I've seen that one before, so it's a recurring problem. I've run it 2000 times again today on my desktop machine without a single failure, however in both cuda:9.0
and cuda:tutorial
I was able to reproduce the failure after ~1000 runs. To reproduce that error on desktop, add system.integrator.run(1000000)
at the end of the sample, it should take a few seconds (or more) of runtime before a FENE bond breaks.
time | kinetic energy | FENE energy | WCA energy | min bond length | min dist | max velocity |
---|---|---|---|---|---|---|
420.71 | 161.64 | 723.37 | 85.04 | 0.907 | 0.340 | 3.84 |
420.72 | 163.95 | 724.09 | 80.97 | 0.924 | 0.364 | 3.81 |
420.73 | 162.01 | 726.13 | 77.20 | 0.937 | 0.394 | 3.51 |
420.74 | 2.72e+9 | 729.28 | 755327.28 | 0.945 | 0.398 | 36984.66 |
420.75 | crash | ? | ? | ? | ? | ? |
It looks like the WCA potential increases suddenly, even though the minimal distance between all particle pairs does not decrease before the crash.
Did you record the seed of the run that crashed?

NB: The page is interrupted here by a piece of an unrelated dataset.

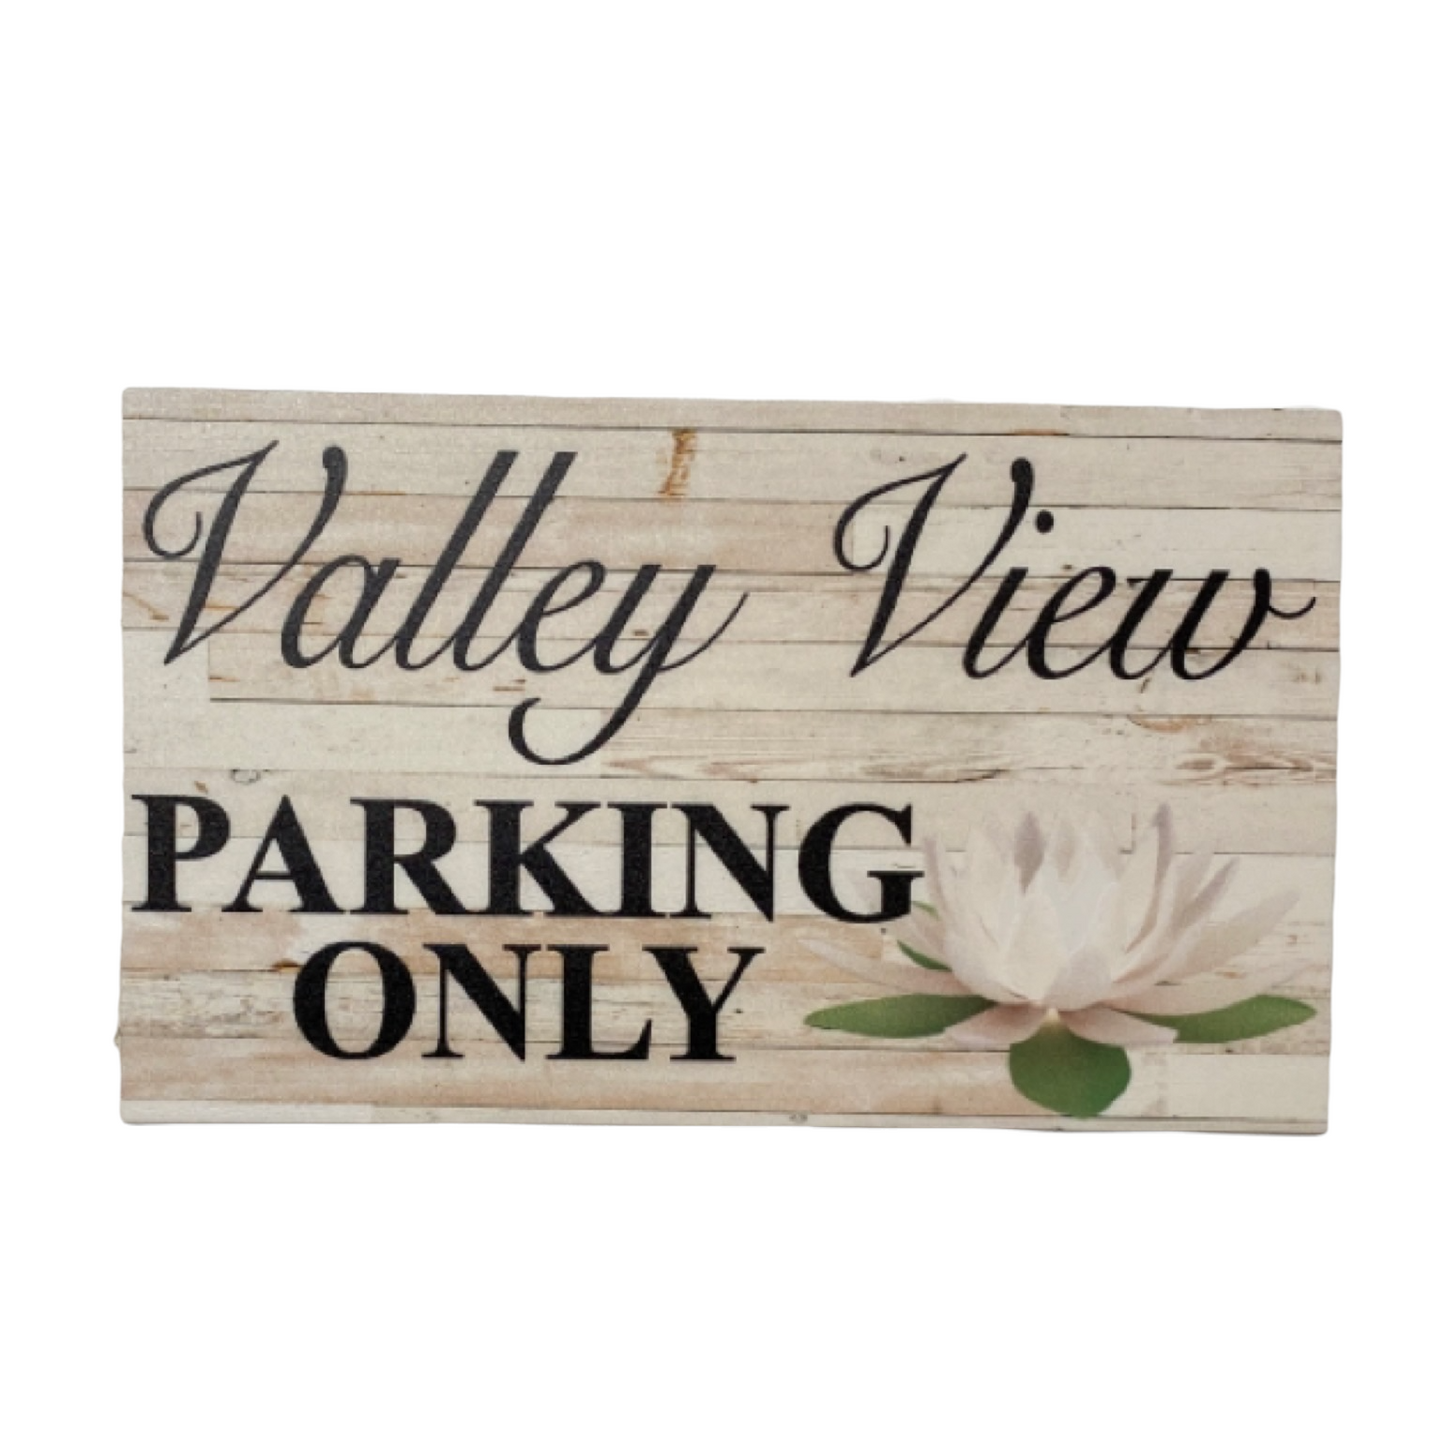 Parking Only Custom Wording Text Lotus Sign - The Renmy Store Homewares & Gifts 
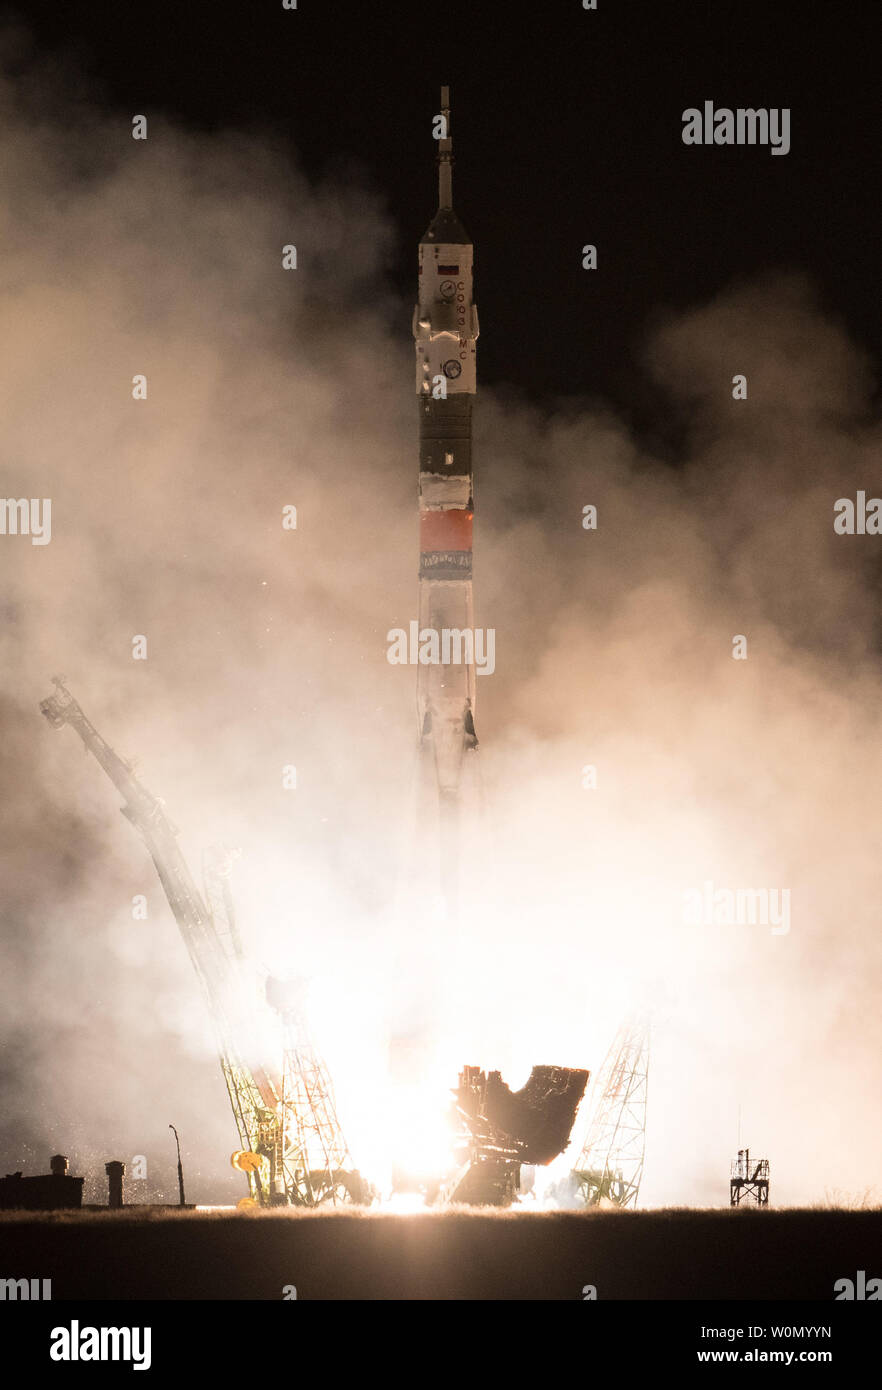 The Soyuz MS-08 rocket is launched with Expedition 55 Soyuz Commander Oleg Artemyev of Roscosmos and flight engineers Ricky Arnold and Drew Feustel of NASA, on March 21, 2018, at the Baikonur Cosmodrome in Kazakhstan. Artemyev, Arnold, and Feustel will spend the next five months living and working aboard the International Space Station. NASA Photo by Joel Kowsky/UPI Stock Photo

Did you record the seed of the run that crashed?
No, but I observed the same trend in multiple independent runs.
Actually, the time at which the FENE bond breaks is not reproducible, even when setting the numpy+system+thermostat+polymer seeds. Could it be due to skin tuning or my use of the visualizer?
The visualizer should not influence the system. Could you please try without the tuning, and if it crashes please post the seeds or a deterministic script.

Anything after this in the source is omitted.